I remember you talking about that while we were waiting for kids at cross country practice last summer, Grace. Pretty miserable and terrible timing on that, huh? Glad things worked out the way they did for your family, though.

Yah, Alyson, I figure there's more than one way to skin a cat. This is just my preferred method. I go this route for a couple reasons. First, because I think feeding them fluids at least gives them something to throw up--dry heaves and yellow bile is NASTY! Also, it gives me some peace of mind to know that at least I'm doing something. There was once when I was sick and throwing up. I started the ice chips and felt so much better almost immediately. I didn't throw up any more after that first time. It was such a relief.

Tonya said...

Blah! So sorry. It sounds really miserable!

Nice tips you give...especially about the ice chips. That's one we haven't used before.

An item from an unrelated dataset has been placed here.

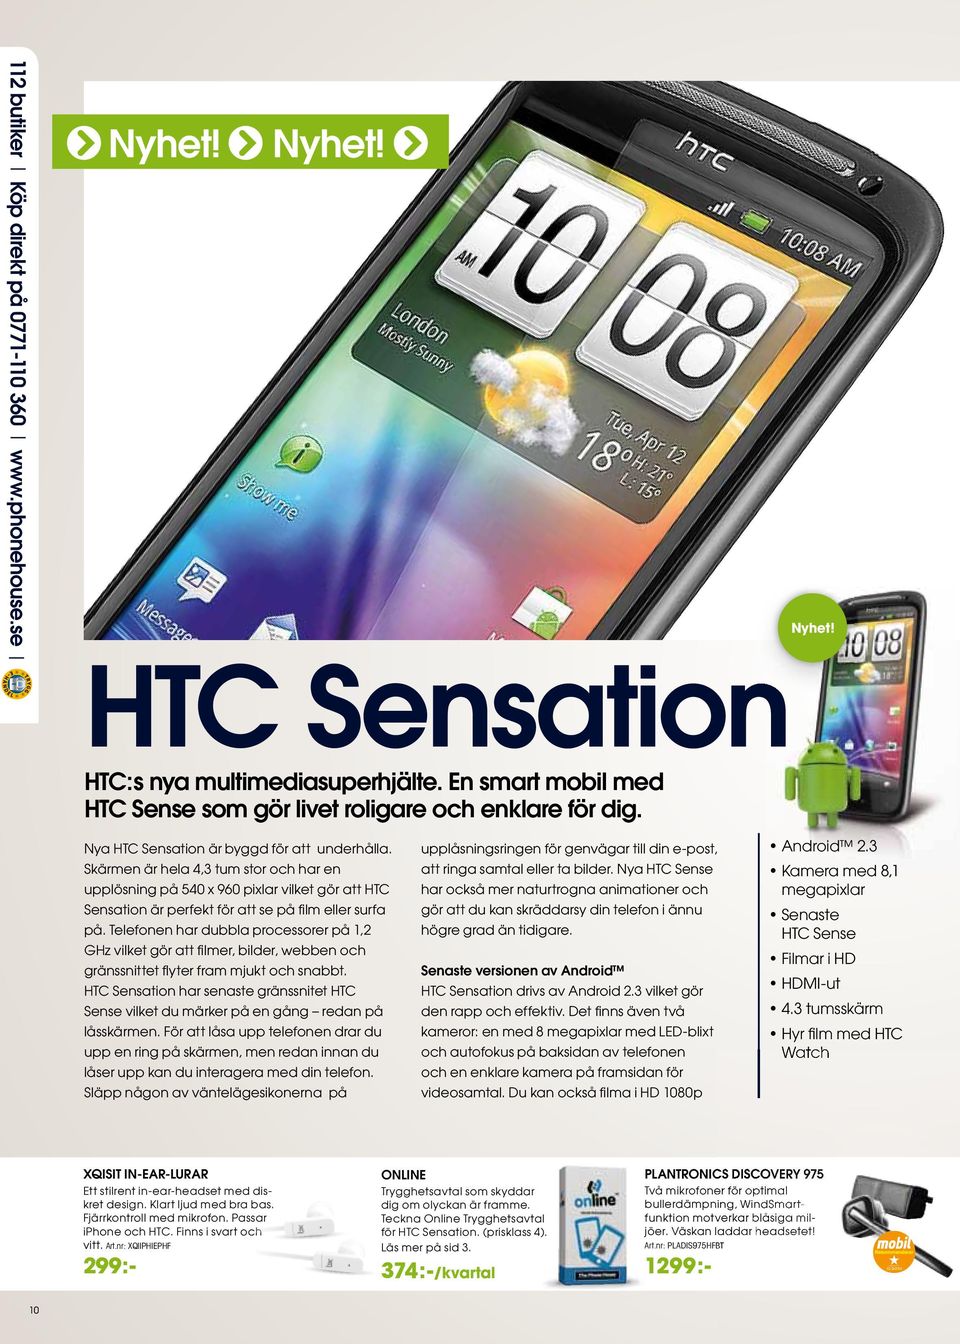 Skärmen är hela 4,3 tum stor och har en upplösning på 540 x 960 pixlar vilket gör att HTC Sensation är perfekt för att se på fi lm eller surfa på.
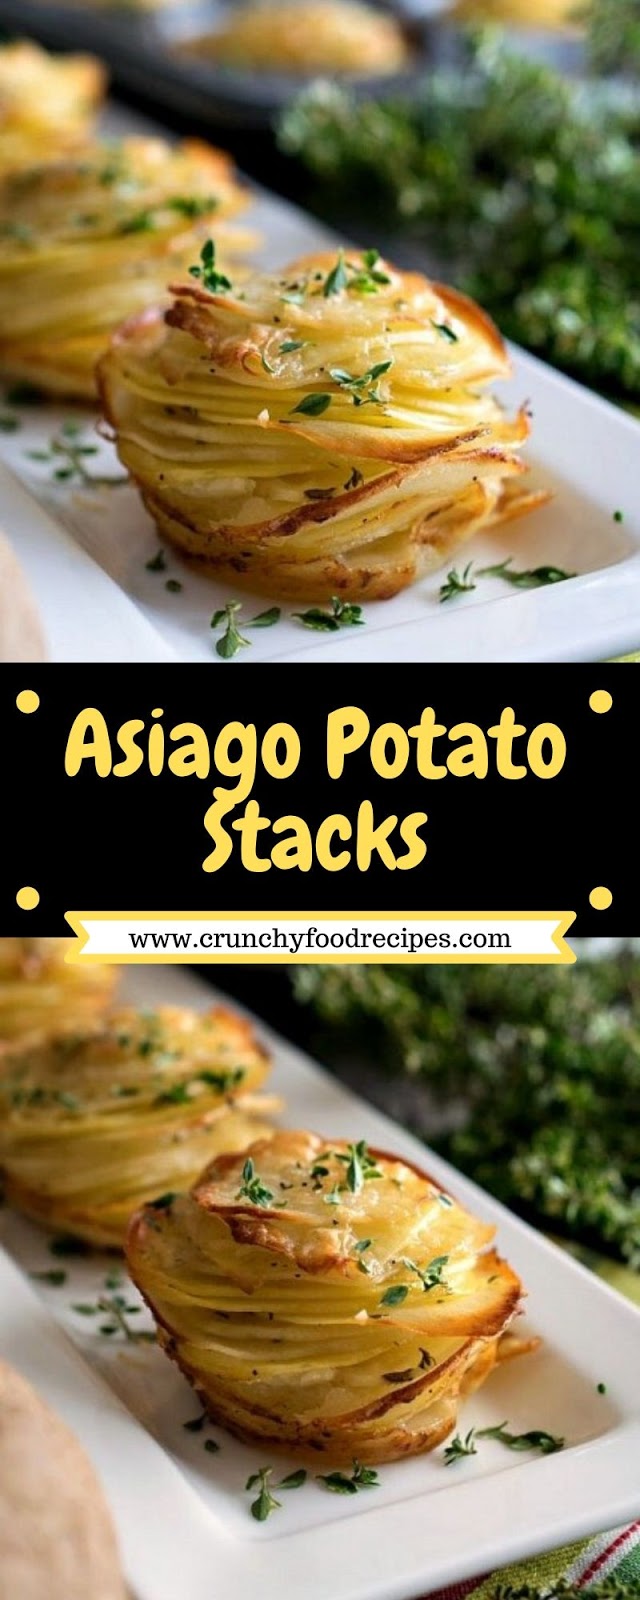 Asiago Potato Stacks

Ivy is funny before she throws up. She'll say in a panicked voice, "Mom, I need a drink!" and then BARF. Funny, huh!?! I wonder why she thinks she needs a drink?

But I've learned.

CuteT said...

I'm with you Julie! Vomiting on an empty stomach is almost the worst. I think it's tied with Orange Juice, they both burn bad.

And always having a bowl or big cup handy is crucial, otherwise when you try to hold it in, the surge will attempt to be expelled out the nostrils. Another incredibly un-fun experience!

Glad to hear the crew is on the mend.